周防大島へと渡す巨大な大島大橋を車窓から眺めて、衝動的に降りた。



瀬戸内にはこうした風景があふれているのかもしれない。
在りし日の瀬戸内での記憶も蘇る。
そう言えば、瀬戸内はいつも晴れていた。

大島大橋を渡ることはないが、数時間後に日本最大の橋を渡って四国へ行く。

釣りの町、大畠。
港町にはいつも惹かれる。

車通りも多く、列車を待つ人も多い。
駅前には観光地で感じるような活気がある。

11:54 西条(さいじょう)駅(山陽本線 広島県)
大畠ですでに満席の白市行は徐々に乗客を増やし、岩国へ。
瀬戸内の海が見渡せる最上級の区間だった。

宮島口で座れたが、広島が近づくにつれて車内は東京のようになった。
そして広島で捌け、外国人観光客が乗ってくる。
彼女たちは今オレの目の前に座っている。

かつて寄った瀬野駅周辺も変わっていなかった。
あのモノレールも営業を続けている。

この駅で乗り換え。
時間は少ない。
駅弁でもと思ったが、販売はない。

歩いてみたい街ではあったが、すぐに戻る。
広々とした駅前で、広島以来に見る街だった。

三原に着けば瀬戸内海と再会する。

14:12 岡山(おかやま)駅(山陽新幹線/山陽本線/赤穂線/津山線/吉備線/伯備線/宇野線/本四備讃線 岡山県)
さっきの外国人の女性二人組は尾道で降りた。

安芸路は長く、福山で快速列車に乗り換える。
通り過ぎた笠岡はよさそうな街だった。

これからうどんの国へ。

高松とは、岡山から案外近い。

15:34 高松(たかまつ)駅(予讃本線/高徳本線/本四備讃線 香川県)
瀬戸大橋は素晴らしい。
おそらくあれほど雄大な眺めは世界を見渡してもそうはないのだろう。

高松駅は終着駅の構造で、ここを通る列車はすべてここが終点となる。

連休中ということもあって街は混んでいる。
結構な人の数だ。

連絡船は絶えたとはいえ、高松は本州との連絡路の役割を失っていない。

駅ではひっきりなしに「瀬戸の花嫁」のメロディが聞こえてくる。

15:12 高松築港(たかまつちっこう)駅(琴平電鉄琴平線 香川県)にて

16:23 オレンジタウン駅(高徳本線 香川県)
高松を出た高徳本線は鈍い陽射しの中を屋島、志度を過ぎて、カタカナの駅名に似つかわしくない田舎駅で特急の通過待ちをしている。

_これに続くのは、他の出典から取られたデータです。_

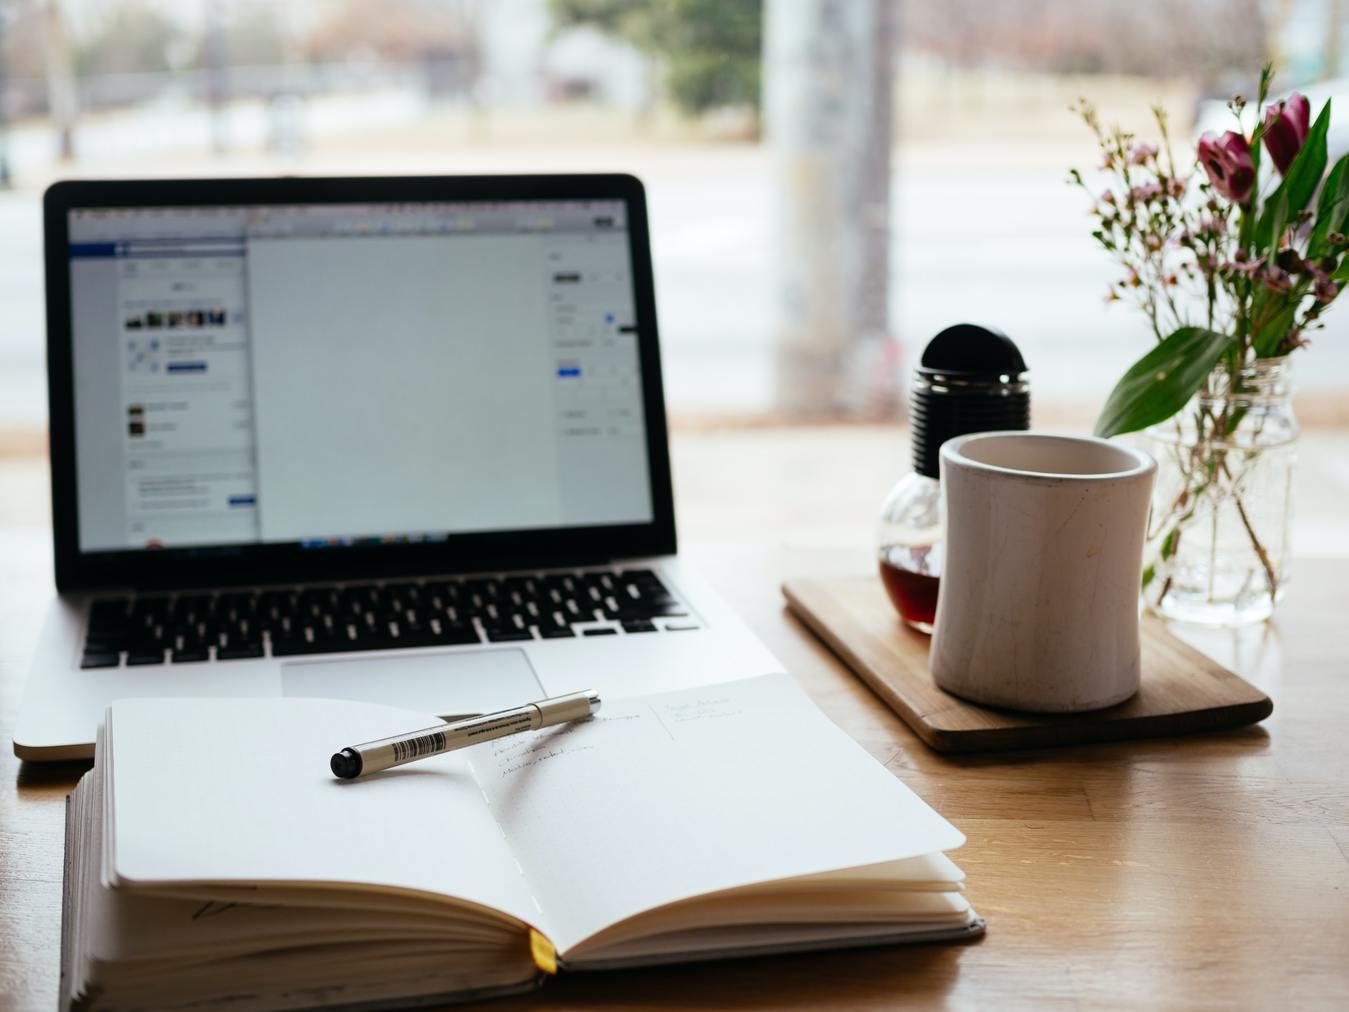 sổ bút và máy tính đặt trên bàn

高松から乗ってきた客は大方がすでに降りているようだ。

かつて街道から眺めた単線の上を徳島に向かっている。

香川県の主要な街は過ぎた。
この後、徳島まで街はない。

17:28 引田(ひけた)駅(高徳本線 香川県)
古い街並通りというのがある。
旧引田郵便局は喫茶店として生まれ変わっていたが、残念なことに客の姿はなく、オレも客になる時間は持たなかった。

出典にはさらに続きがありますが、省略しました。